Our last stop in Guatemala was all together different from the rest of the country. A beautiful colonial city full of hostels and backpacker attractions, Antigua smothered us with its architectural and historical charm and allowed us to comfortably explore a big city in Central America.

All Central American towns, from the largest city down to the smallest village, have a plaza where people gather to gossip, eat street food, or just idly pass the time. And out of all the plazas in all the many towns we have have visited we can comfortably say that Antigua´s central plaza was our favorite. With an impressive fountain at its center, (adorned with life size statues of women shooting water from their nipples. thats right, their nipples.), and a dazzling cathedral towering along its edge, we spent several much of our days (and nights) sitting in the plaza people watching and soaking up the sun. At night, the face of the church was completely lit up, making for an ideal place to sit and drink beer. The rest of our time in Antigua was spent visiting historical landmarks, such as the ruins of an old colonial church which was decimated during the earthquake of 1773, buying fresh fruits and vegetables in the most immense and chaotic marketplace we´ve come across yet, and drinking coffee on the plaza.
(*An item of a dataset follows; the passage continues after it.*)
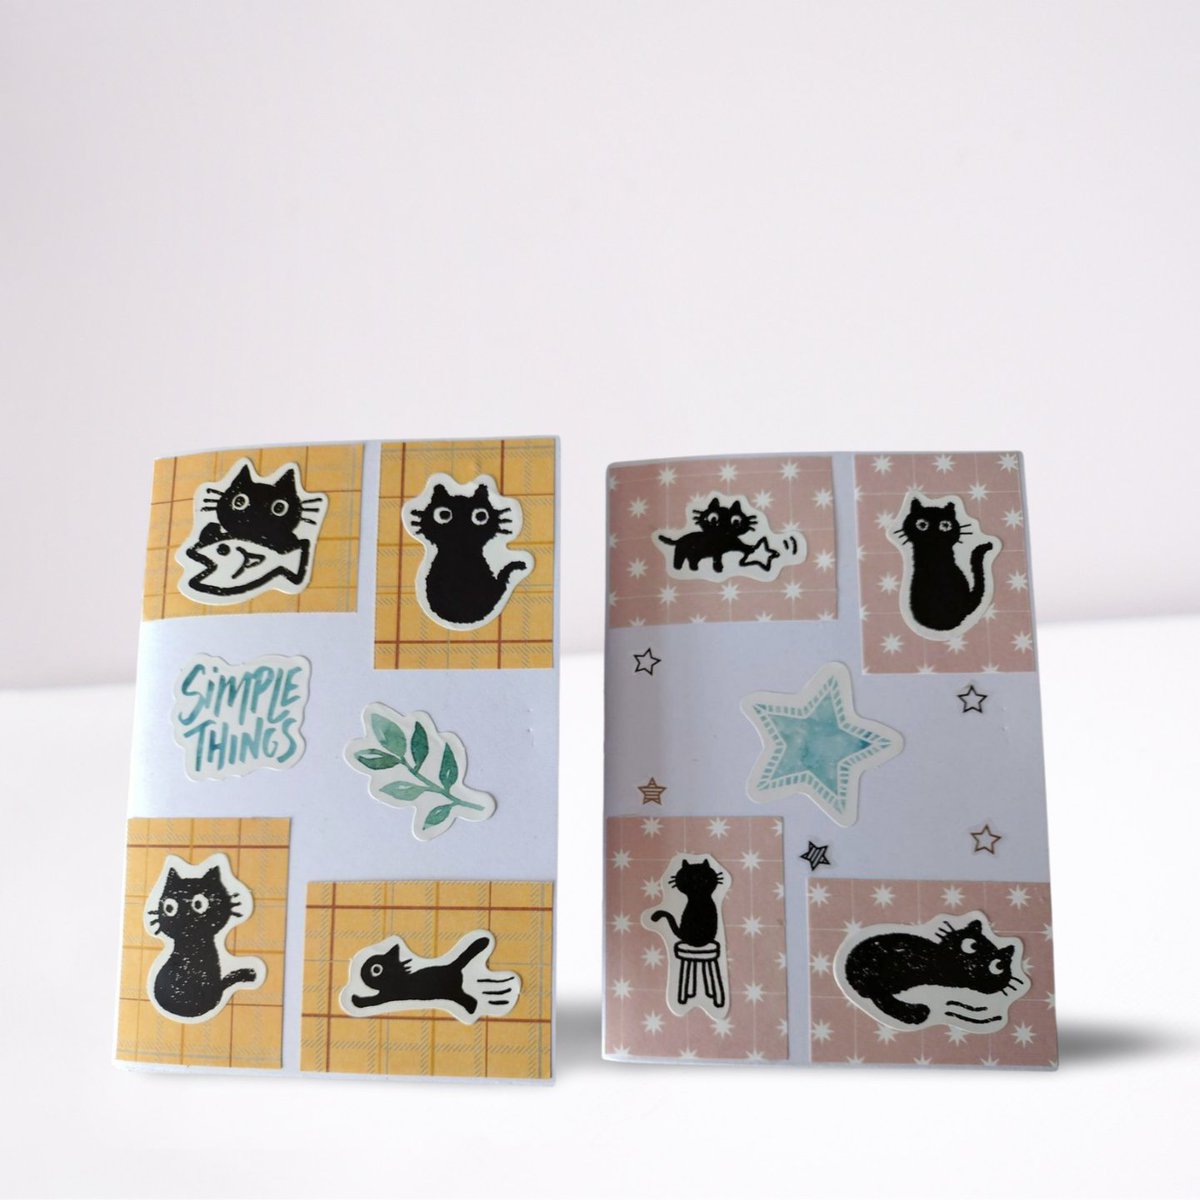 SOLD - set of two black cat notebooks
#handmade #notebooklove #handmadewithlove

When we´d had enough of walking the cobblestone streets and lazing around the plaza we decided to take the advice of all the signs we´d seen around town and attempt to hike one of the two (and active) volcanoes that loom over the city of Antigua. On advice from fellow travellers we chose to explore Volcan Pacaya on a guided tour. It took about an hour and a half arrive at the foot of the volcano about 2 hours to hike to the peak. We climbed through a changing landscape that went from forest, to vast grassy plains, to endless mounds and piles of black volcanic rocks. As we reached the peak we felt as though we´d landed on another planet. The heat emanating from the rocks below us was tangible and we could dip our walking sticks (which we purchased from kids at the bottom of the volcano for 25 cents) into glowing red pockets where they would burst into flames. People were roasting marshmallows and grilling their sandwiches on the rocks and the peaks behind us were constantly emitting smoke, like being on the open sea, we could feel that the Earth is just as alive as us.

Ruta De Flores - El Salvador

Originally we had planned to skip El Salvador, as we´d been turned off by stories of civil unrest and dangerous cities with no unique attractions to draw us there. However, after meeting some very helpful travellers in Lanquin who strongly endorsed a visit to El Salvador, in particular the Ruta De Flores (Route of the Flowers), we decided that in the spirit of going with the flow and the newfound knowledge that the best advice tends to come from other travellers and not from a book we decided to brave the unknown .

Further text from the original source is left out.